* SUPPLIED DATA *
※ ※ ※

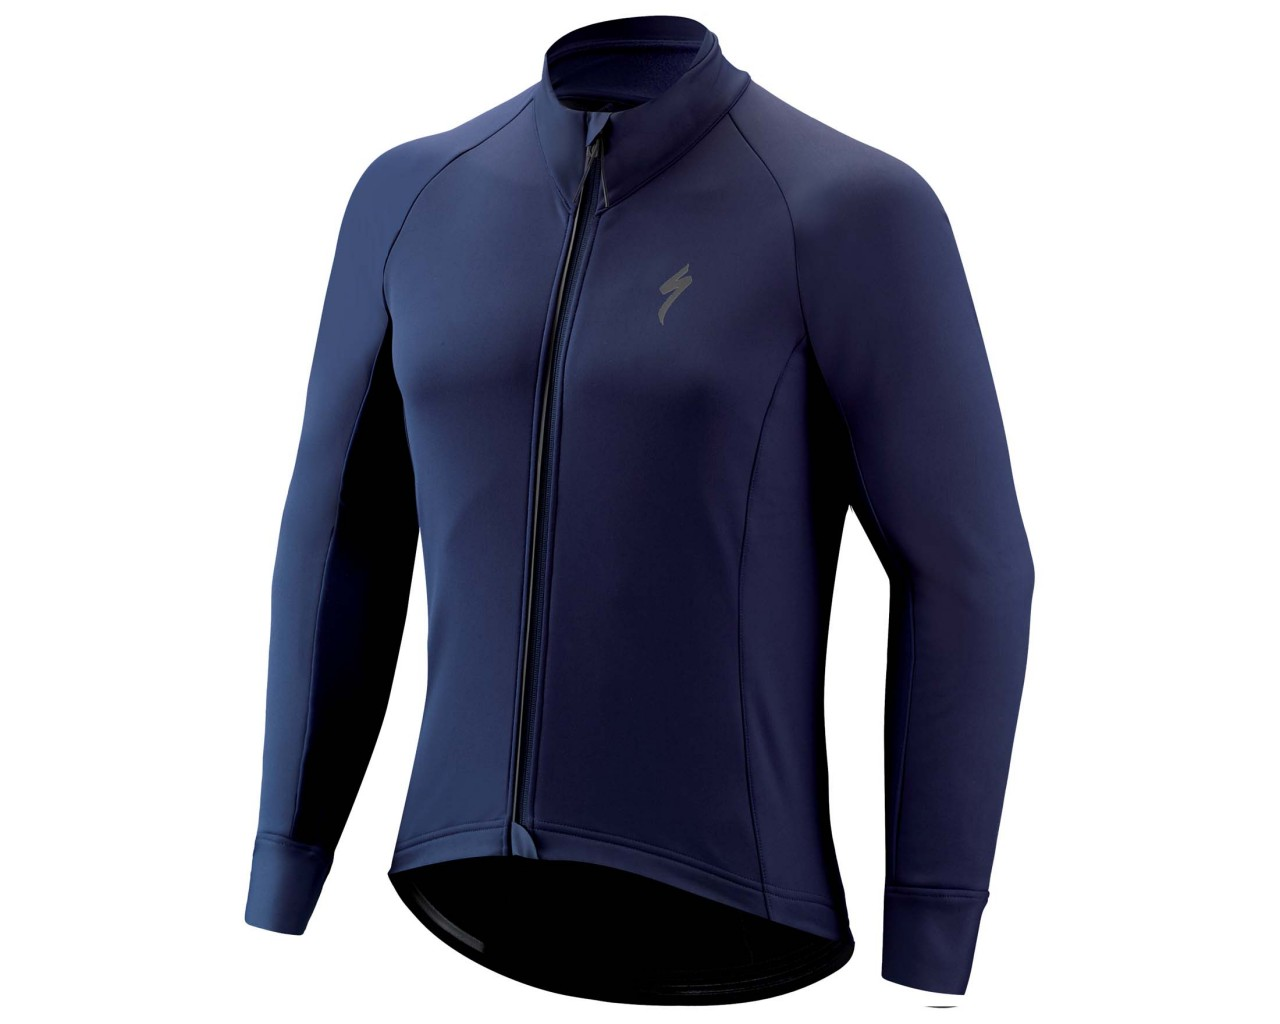 Specialized Element RBX Pro Jacket | navy blue
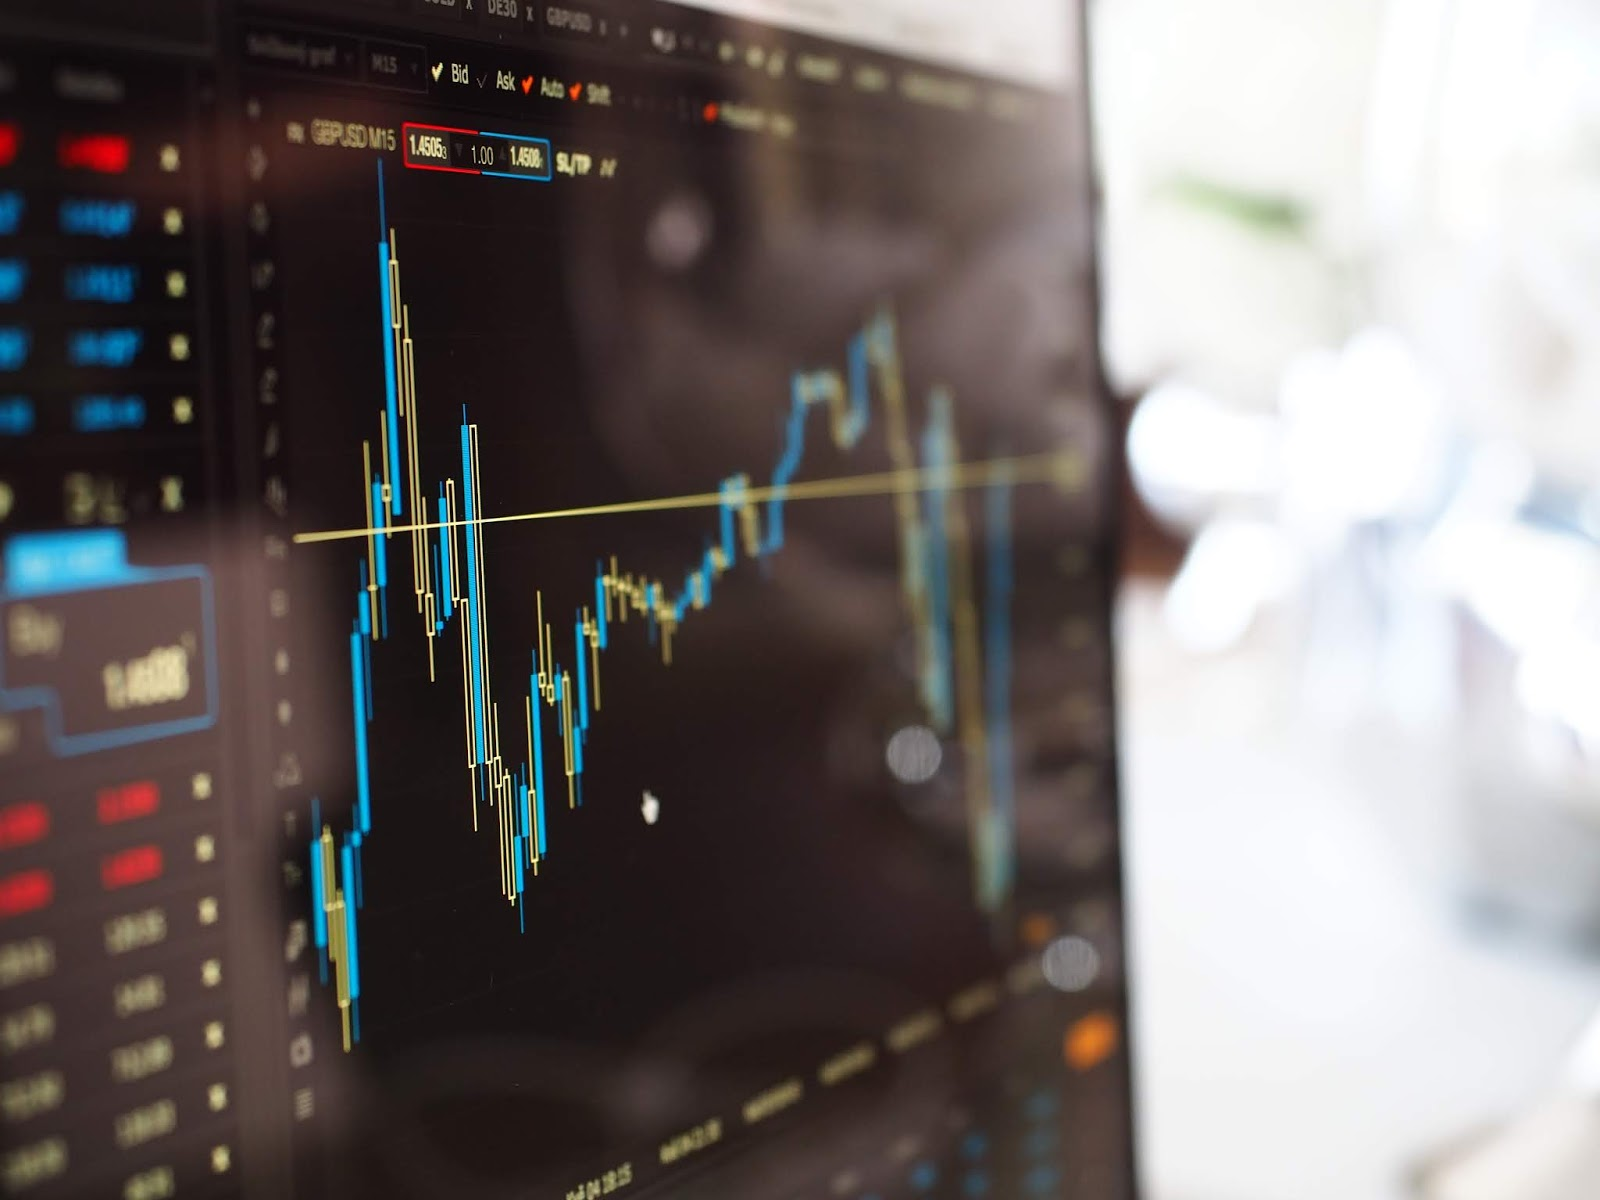 Форекс прогноз основных валютных пар на 10 апреля
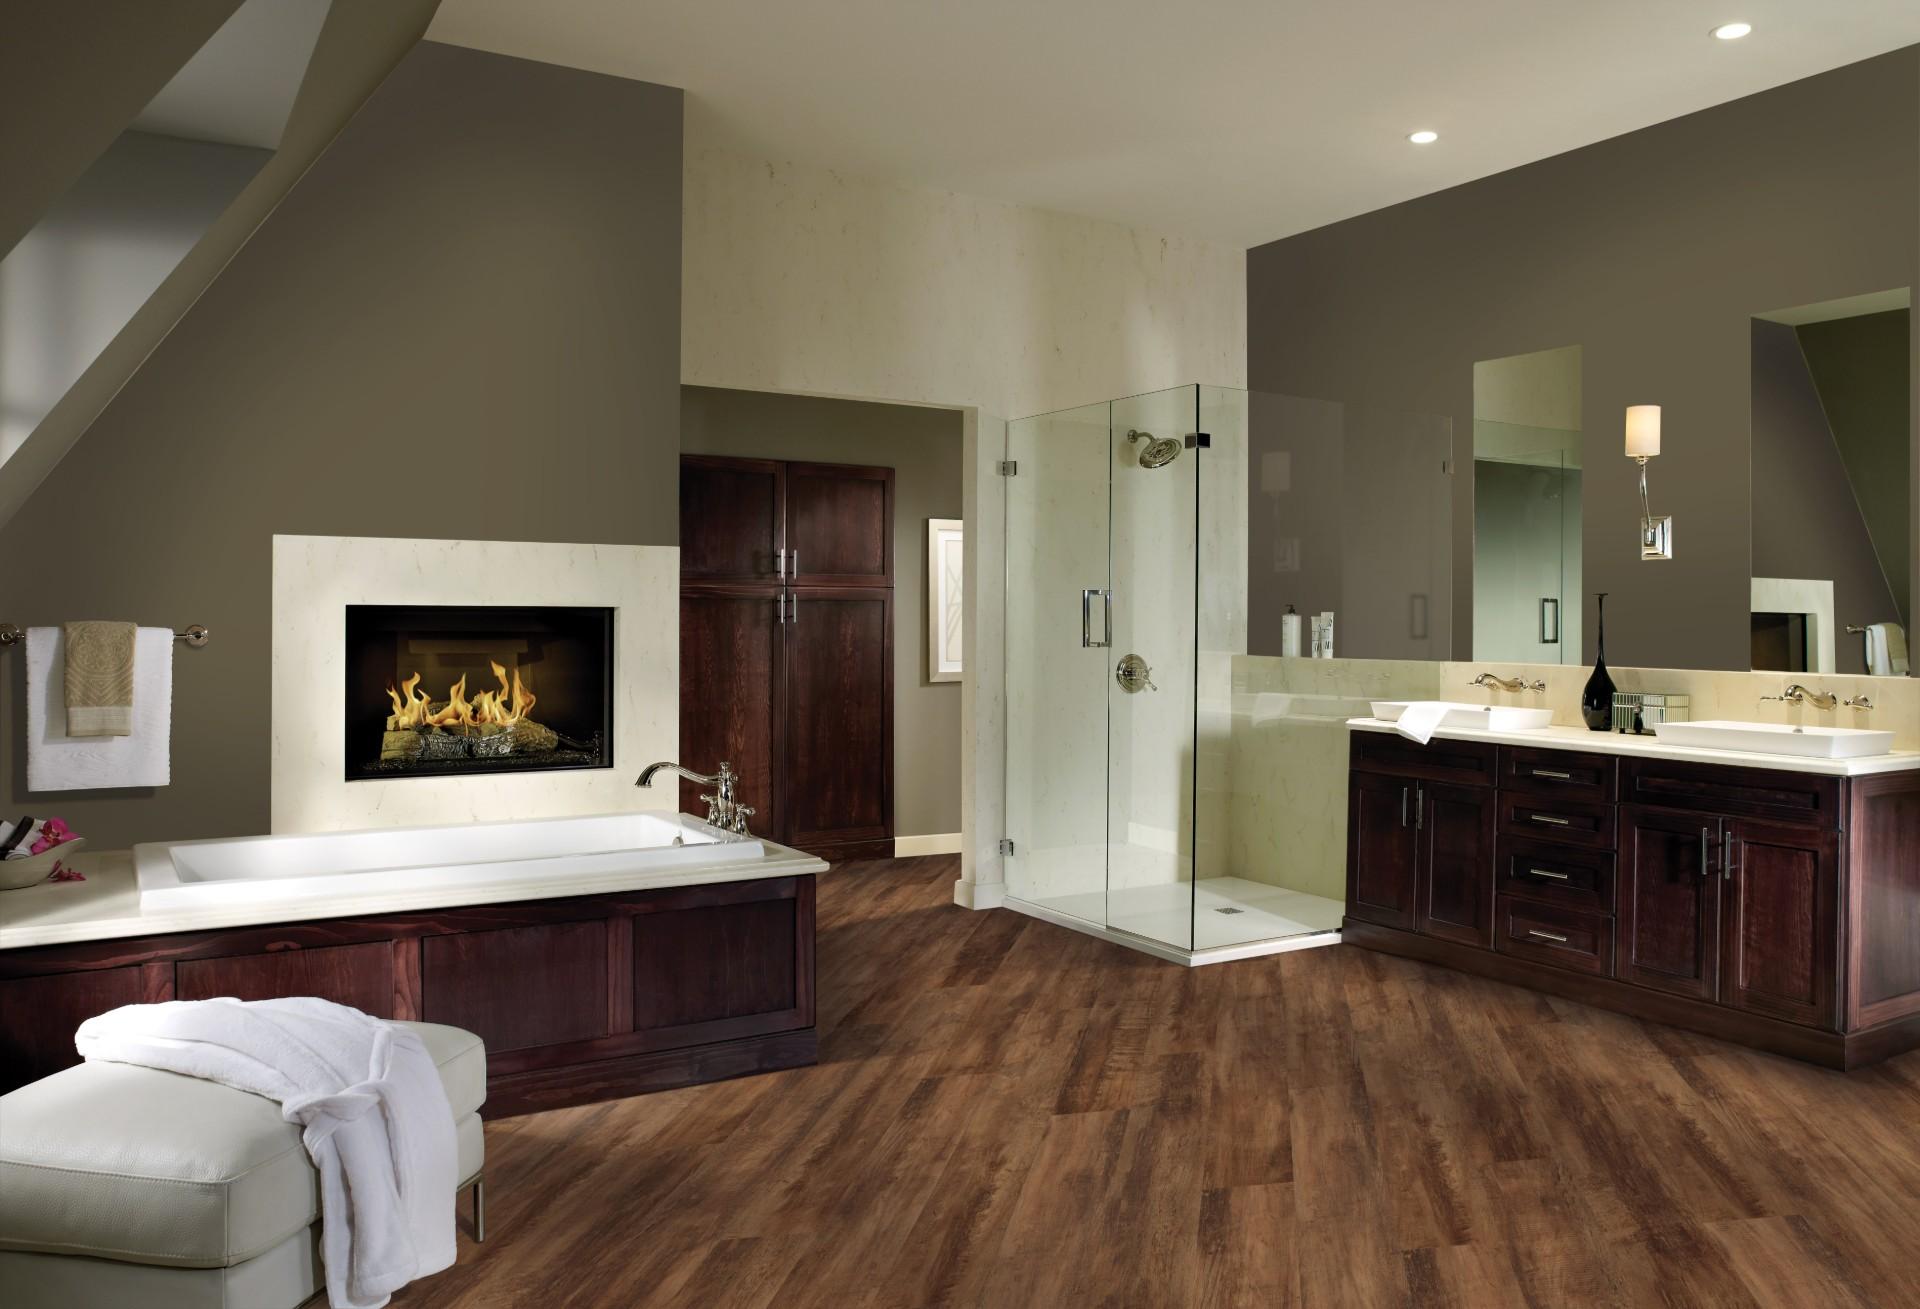 Waterproof bathroom flooring in Omaha Nebraska
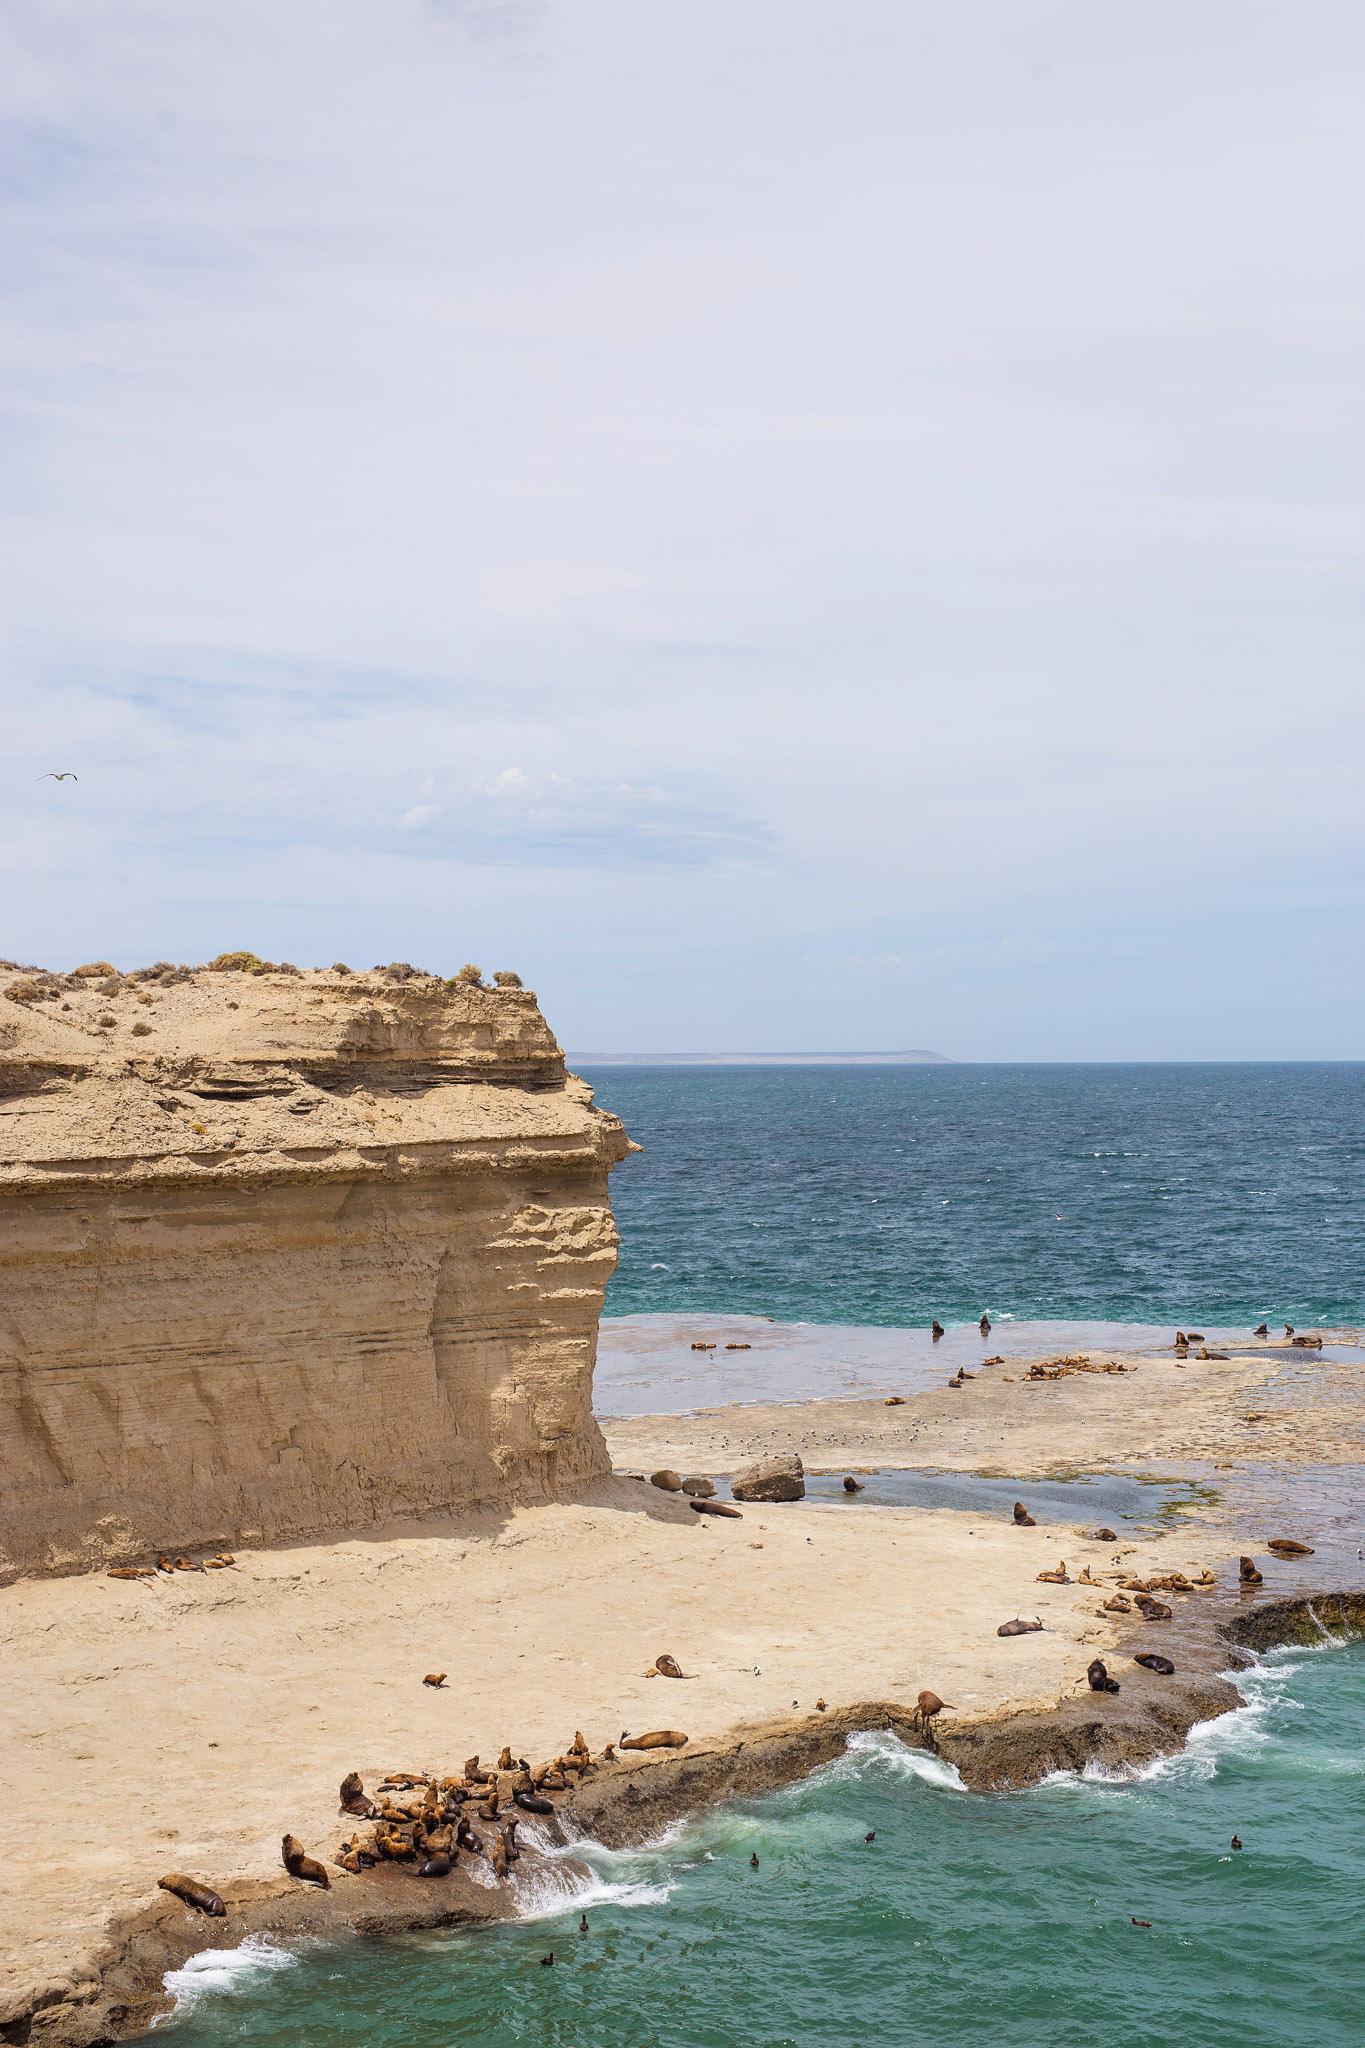 wedding-travellers-argentina-peninsula-valdes-sea-lion-cliff-shore

※ ※ ※

* WHAT THE TASK REQUIRES *
The line containing "Waterproof bathroom flooring" marks the start: set down exactly that line and every line after it through the last line of the data, without any pictures.

* RESPONSE AREA *
 Waterproof bathroom flooring in Omaha Nebraska
 wedding-travellers-argentina-peninsula-valdes-sea-lion-cliff-shore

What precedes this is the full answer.